Les algues marines et d’eau douce

Parfois gluantes et nauséabondes les algues sont une source non négligeable de nutriments. Elles ont la fonction de servir de filtres naturels dans leur élément et sont de véritables réserves d’iodes, de vitamines C et de différents minéraux. Mais attention, elles peuvent également contenir des éléments nocifs et provoquer des diarrhées sans une consommation modérée. Il faut avant toute chose prélever des algues encore vivantes encore vigoureusement accrochées aux rochers, les autres sont à bannir.

 

Pour les consommer tout va dépendre de votre urgence nutritionnelle, l’idéal est de les faire sécher et de les broyer pour une consommation en bouillon, cette méthode est longue mais très efficace. Lorsqu’elles sont épaisses, vous pouvez les faire cuire afin de les manger croustillantes ou en faire des décoctions, quel que soit votre méthode elles ne sont pas exemptes de TUC

 

La préparation des plantes

Au-delà de l’aspect purement nutritif comment consommer les plantes sans avoir envie de tout recracher, le bon gout est aussi important pour le moral qu’un abri étanche.
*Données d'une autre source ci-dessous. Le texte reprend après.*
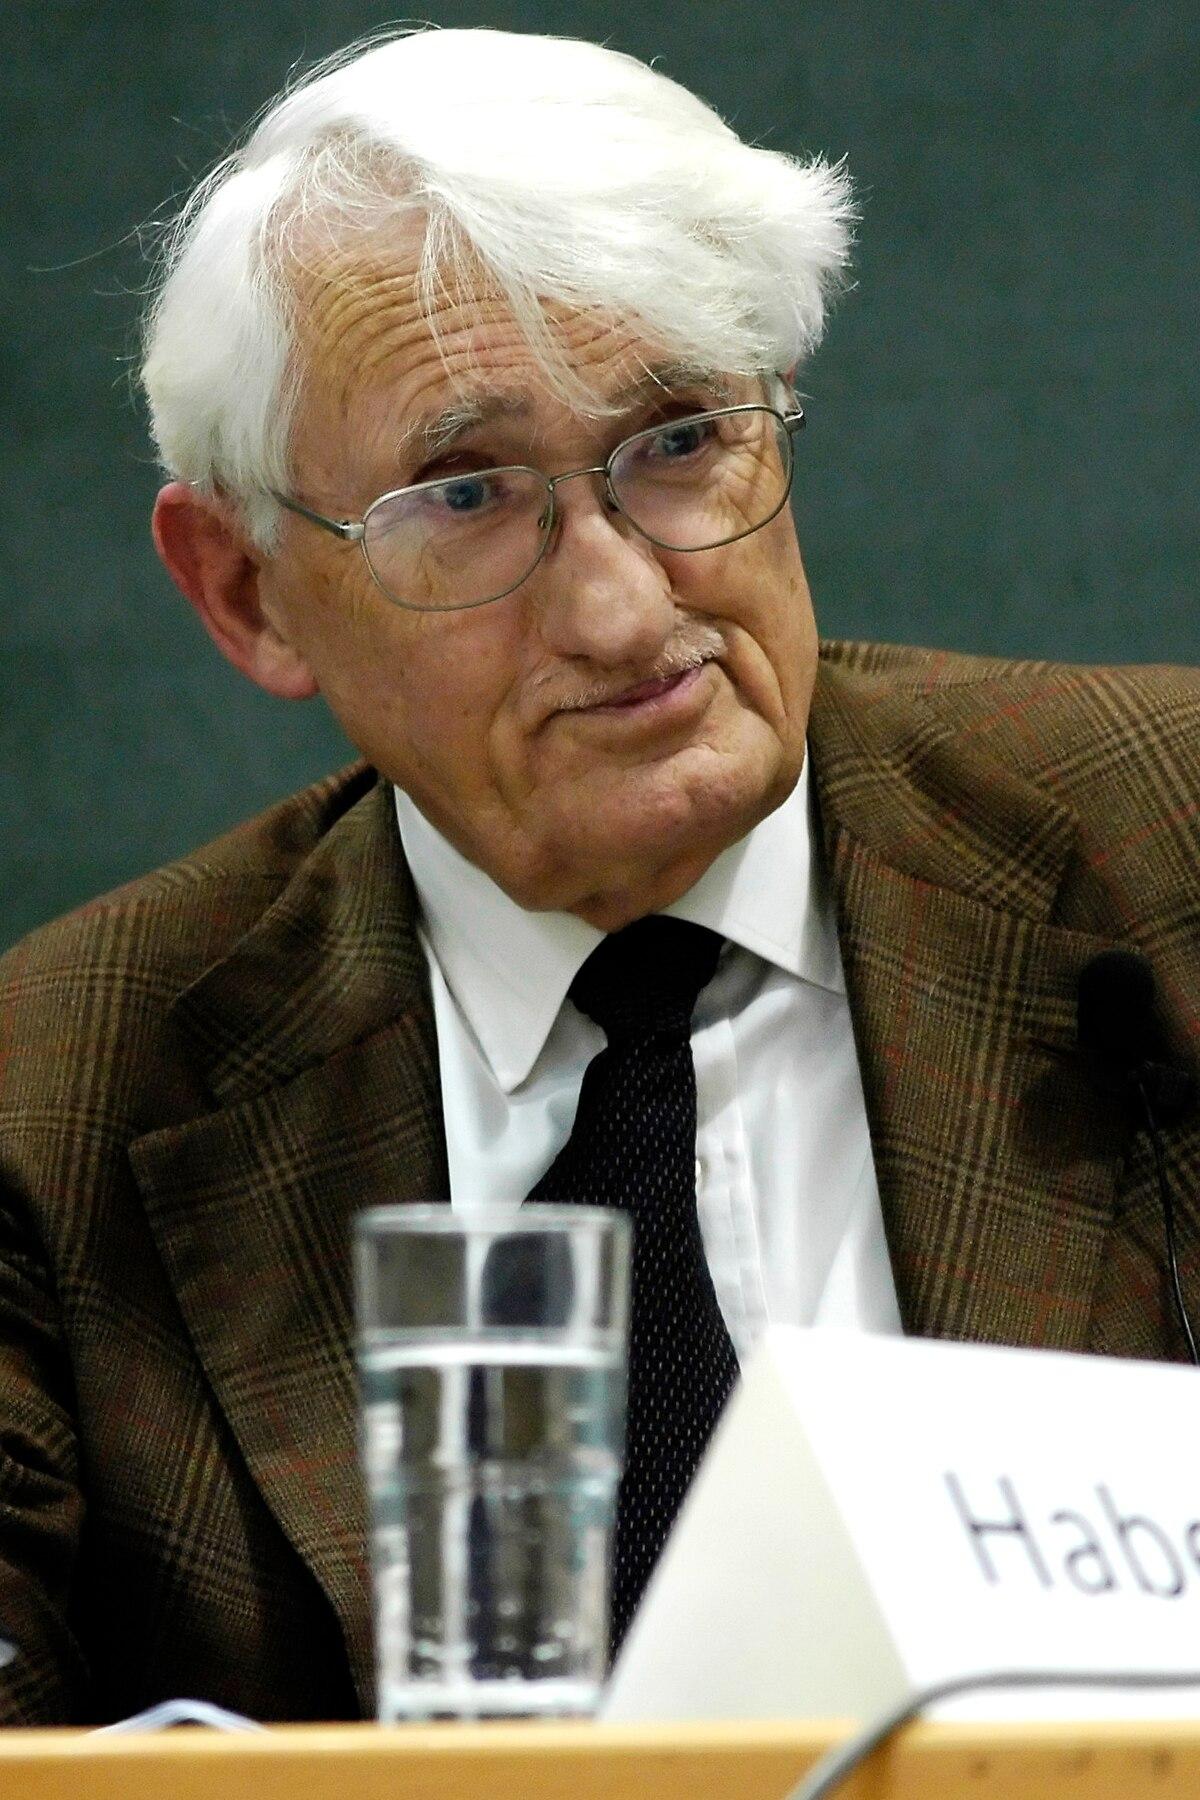 Jürgen habermas: we are stuck in a political trap

A peu près toutes les très jeunes pousses se consomment crues car elles ne sont pas encore autant chargées en éléments toxiques que les plantes matures. Tous ce qui « verts » : les feuilles, tiges et les bourgeons tendres se font bouillir pour qu’ils soient plus tendres et plus digestes, en changeant l’eau au besoin pour supprimer le goût amer. Les glands, les bourgeons plus matures chargés en tanin ou en sève comme ceux des sapins nécessitent un lessivage (écraser et laver) avant d’être ébouillantés, vous pouvez également les améliorer, si vous le pouvez en les rôtissant au feu. Faites bouillir, cuire ou rôtir les tubercules et les racines cela détruira les oxalates des racines. Les graines peuvent être consommées crues lorsqu’elles ne sont pas encore à maturités car elles sont encore tendres sinon transformées-les en farine et selon la quantité faites du pain (comme le pain azyme). La sève de nombreux arbres, comme l’érable, le bouleau, le noyer et le platane, contient du sucre, en portant à ébullition votre récolte, vous pouvez obtenir un sirop, toutefois il faut 30 kg de sève pour un litre de sirop. 

 

Nicolas MATHIEU, extrait du "Guide du voyageur autonome"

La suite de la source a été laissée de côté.